• Friends, our 2nd Amendment rights are always under attack and the NRA has been a constant for decades in helping fight that fight.

    We have partnered with the NRA to offer you a discount on membership and Muzzleloading Forum gets a small percentage too of each membership, so you are supporting both the NRA and us.

    Use this link to sign up please; https://membership.nra.org/recruiters/join/XR045103

Black Powder clean up ??

Muzzleloading Forum

Help Support Muzzleloading Forum:

This site may earn a commission from merchant affiliate links, including eBay, Amazon, and others.

RodneyA

32 Cal
Joined
Jan 11, 2021
Messages
8
Reaction score
2
I am use to shooting blackhorn 209 in a 209 rifle

I am going out to shoot the Hawken 50 for the first time this weekend

I will be using black powder not a substitute and #11 caps. Round ball.

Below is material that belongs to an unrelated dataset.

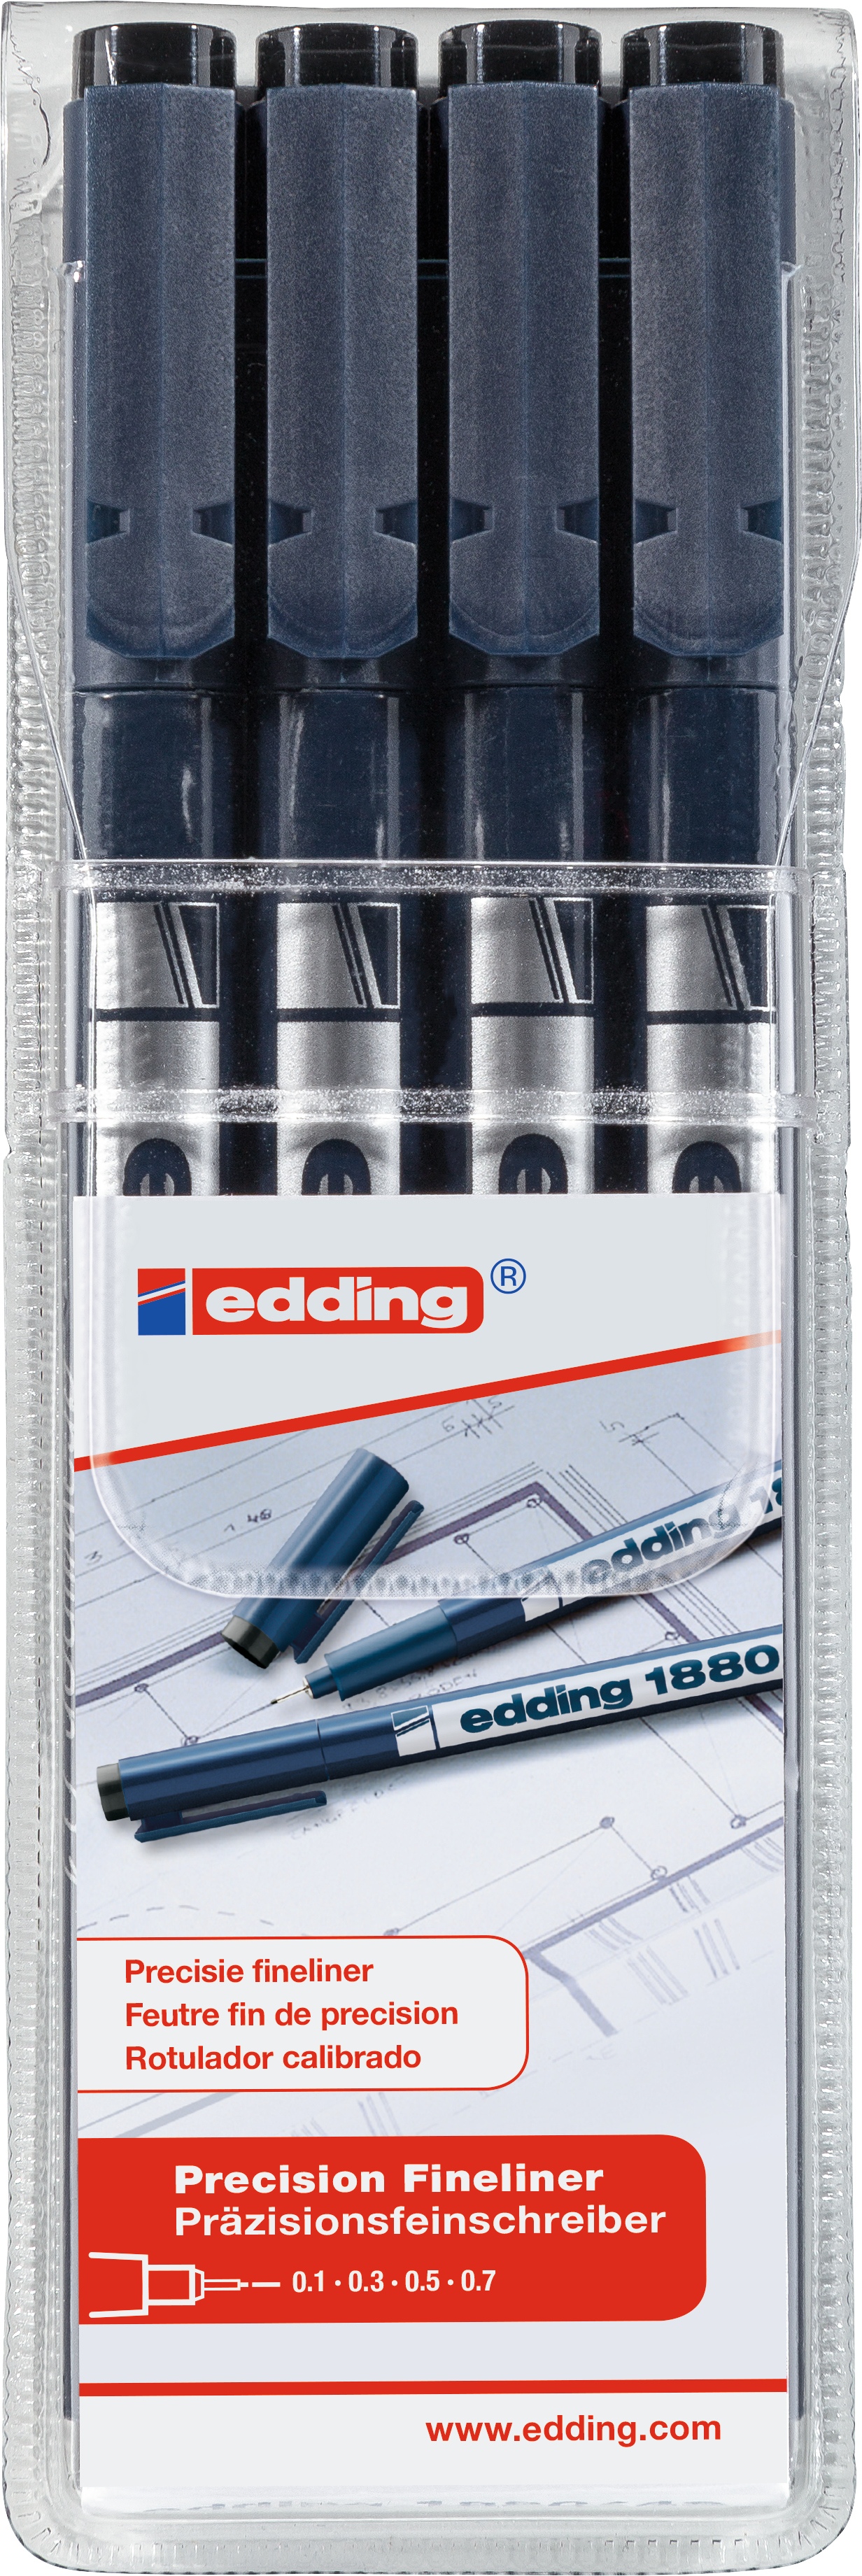 EDDING Finleliner 1880 0.1-0.7mm 338 4 pcs. 4 pcs.
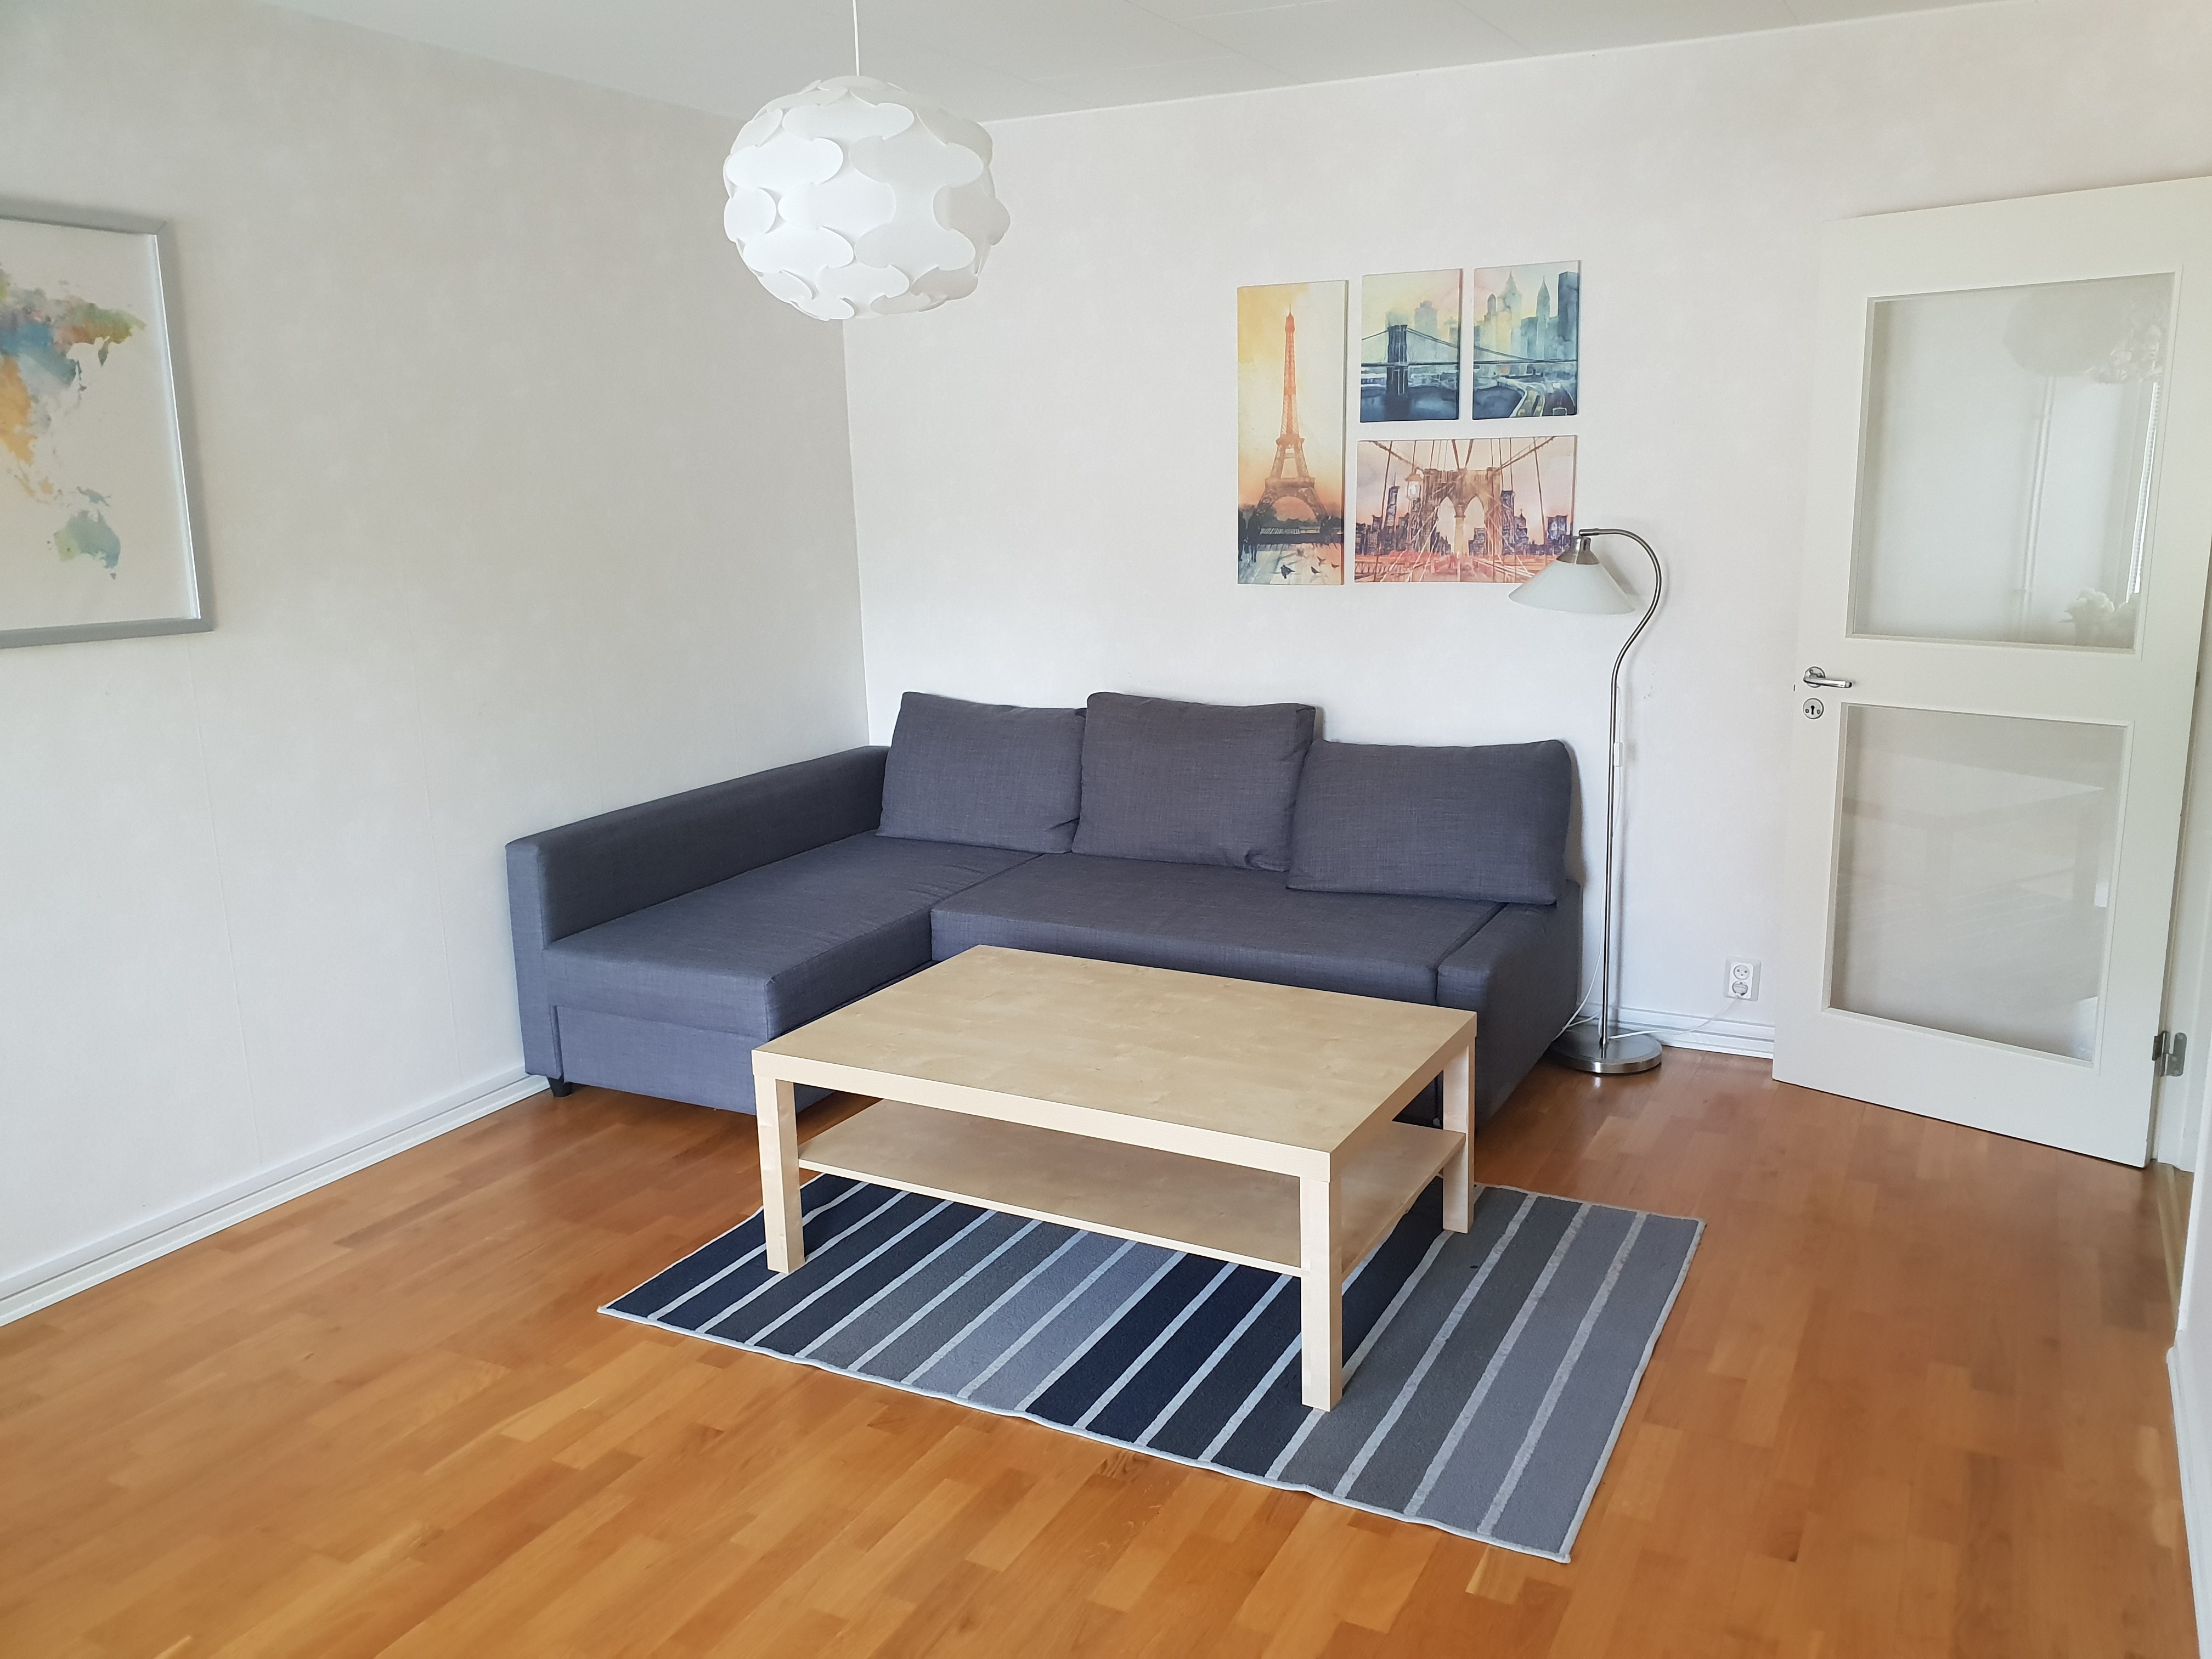 Bild på vardagsrum med soffa, soffbord och tavla på väggen

What should I clean the barrel with and how often. I am use to running a couple cleaning patches between shots on the 209 rifle

all help is appreciated
 
The most loaded question on the forum.

I pour boiling water down the barrel when I get home, couple of wet patches, couple of dry patches, couple oil patches
 
Patches using water until your patches are clean, a few dry patches until dry, and a few oiled patches. Oil can be WD 40, ballistol, break free or whatever. A few days later run another oily patch down the bore to make sure you cleaned it well enough and no rust is forming. Some will say don’t use petroleum products. I call BS. Been using them for years. When you go to shoot again degrease the barrel with brake cleaner or rubbing alcohol. Let evaporate and go shooting. Easy peasy
 
The old way of cleaning up is to remove the barrel and unscrew the nipple. Place the unscrewed nipple end in a bucket of warm soapy water. Dish detergent, any kind will do but many prefer Dawn. Then take your cleaning rod with a patch on the end, insert into the barrel and pump up and down until you draw water up from the bucket. It will come out of the barrel all black at first but will start to come out clean after a few pumps. The next step is to remove the barrel from the bucket and start running dry patches in the barrel. Repeat until the patches come out clean. Next step is to clean the nipple. I usually drop it into my soapy water bucket at the start. Once finished with that, a little grease of some kind on the threads and reinstall the nipple. I then use a little light weight gun oiled patch for the barrel to finish up. Reinstall the barrel and your done. I always recheck my gun a day or two after cleaning to inspect for any rust that might be present. Generally, it doesn't but if so, an oily rag will clean it up.
If I'm in a hurry, I will use good old windex to clean my guns. It works great and it's a little quicker.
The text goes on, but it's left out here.